Date: | Wed, 2 Sep 2009 22:48:00 -0700 |

Organization: | Compilers Central |

References: | 09-09-013 |

Keywords: | lex, DFA |

Posted-Date: | 03 Sep 2009 13:10:27 EDT |

The closest you can get with a DFA is to take the union of the NFAs of

the various regexps you care to match and tag each NFA with a distinct

matching state. Then when you construct the DFA, you can use the

distinct NFA matching states to tell which regexps are matched by

a particular DFA state. So you could have one regexp for the

hex numbers, another for floating point, and so on. Capturing the

submatch boundaries within each regular expression requires more work:

in general a DFA doesn't track enough information to do explicit

capture tracking. You really need to back off to an NFA (in the

formal sense not the popular sense) so that you can manipulate the

states individually during the subset simulation.

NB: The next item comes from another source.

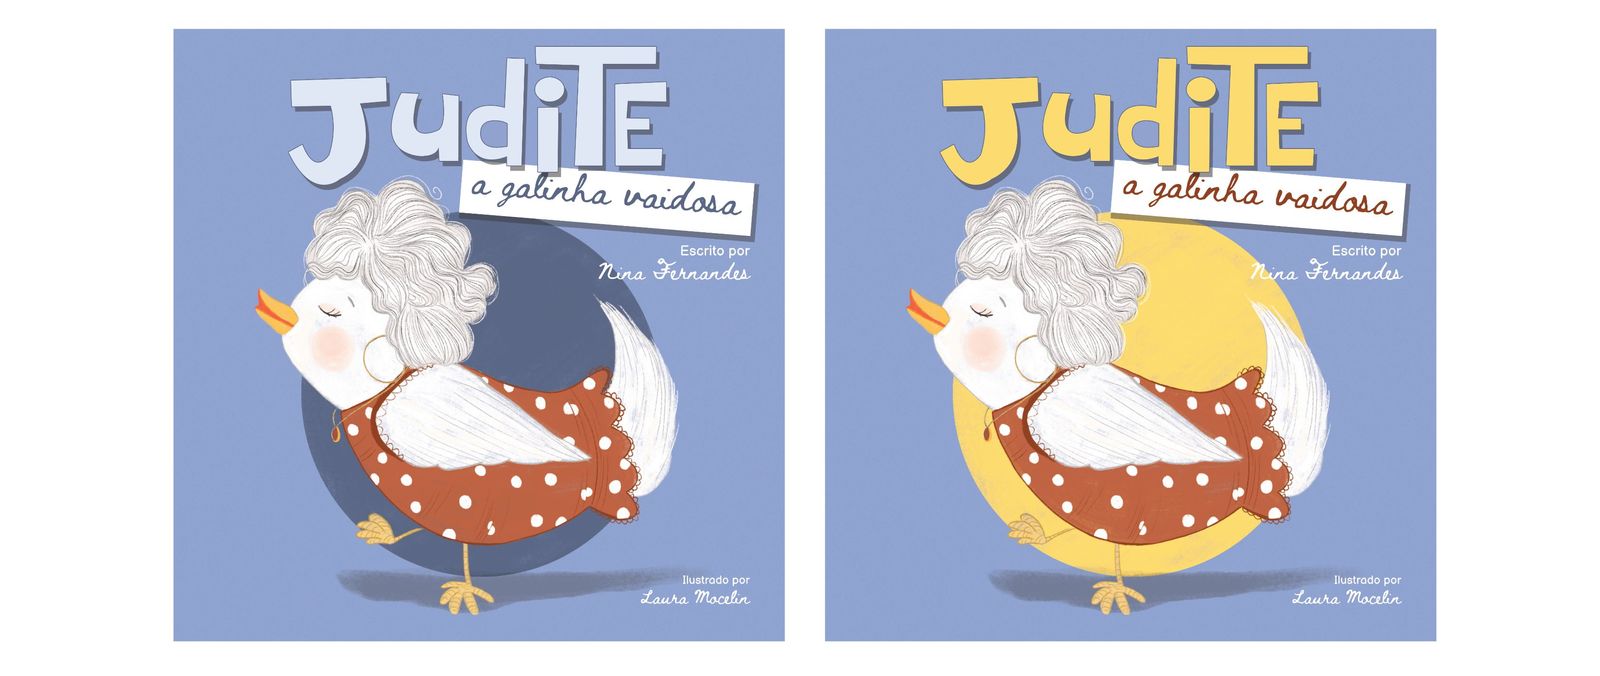 Judite, a galinha vaidosa book image #2

I like to think of a linearized version of the NFA as a program

for a peculiar virtual machine that allows non-deterministic choice,

by letting multiple lightweight threads run over the NFA at once.

An individual NFA state can be viewed as a program counter (PC) in

this program, and the set of NFA states that corresponds to a

single DFA state during the subset simulation can be thought of

as a thread run queue: there's one run queue being executed

and a second run queue being prepared for the next position

in the input.

In the code at http://swtch.com/~rsc/regexp/regexp1.html,

the State* is the program counter, clist is the current run queue,

and nlist is the next run queue.

The non-determinism in the NFA is accomodated by sometimes

adding multiple PCs--that is, multiple thread states--to nlist.

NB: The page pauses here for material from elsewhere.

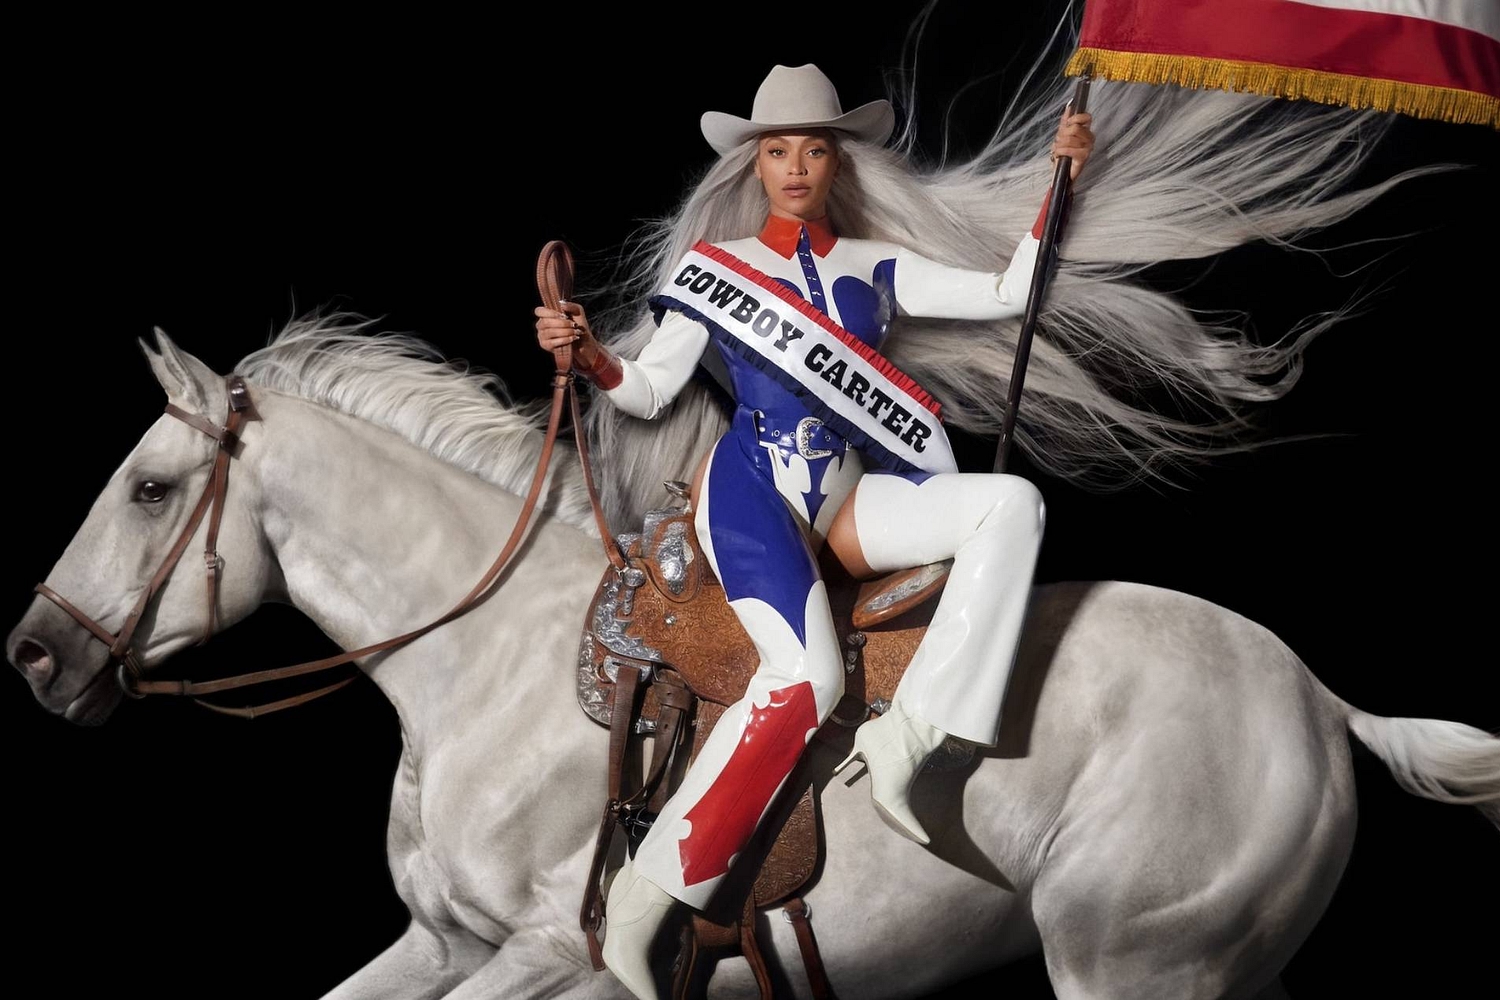 Beyoncé unveils details of ‘Renaissance Act II’ new country album ‘Cowboy Carter’

Reasonable performance is ensured by never adding redundant

entries (same State*) to the list. Thus nlist is at most

O(# states in NFA), producing the O(# states in NFA * length of

text) run-time bound.

So far I am sure I've said nothing you didn't already know,

except maybe the weird thread analogy. But given this basic

framework, it is easy to add submatch tracking.

To add submatch tracking, you expand the representation of a

thread on the run queue. Before it was just an NFA state (a PC)

but now we add the submatch boundaries crossed during the

thread's execution so far (capture registers, if you will).

For example, if the regexp is (a(a*)ab), there are four capture

registers, one for each parenthesis. Each parenthesis becomes

an empty transition in the NFA tagged with a register index.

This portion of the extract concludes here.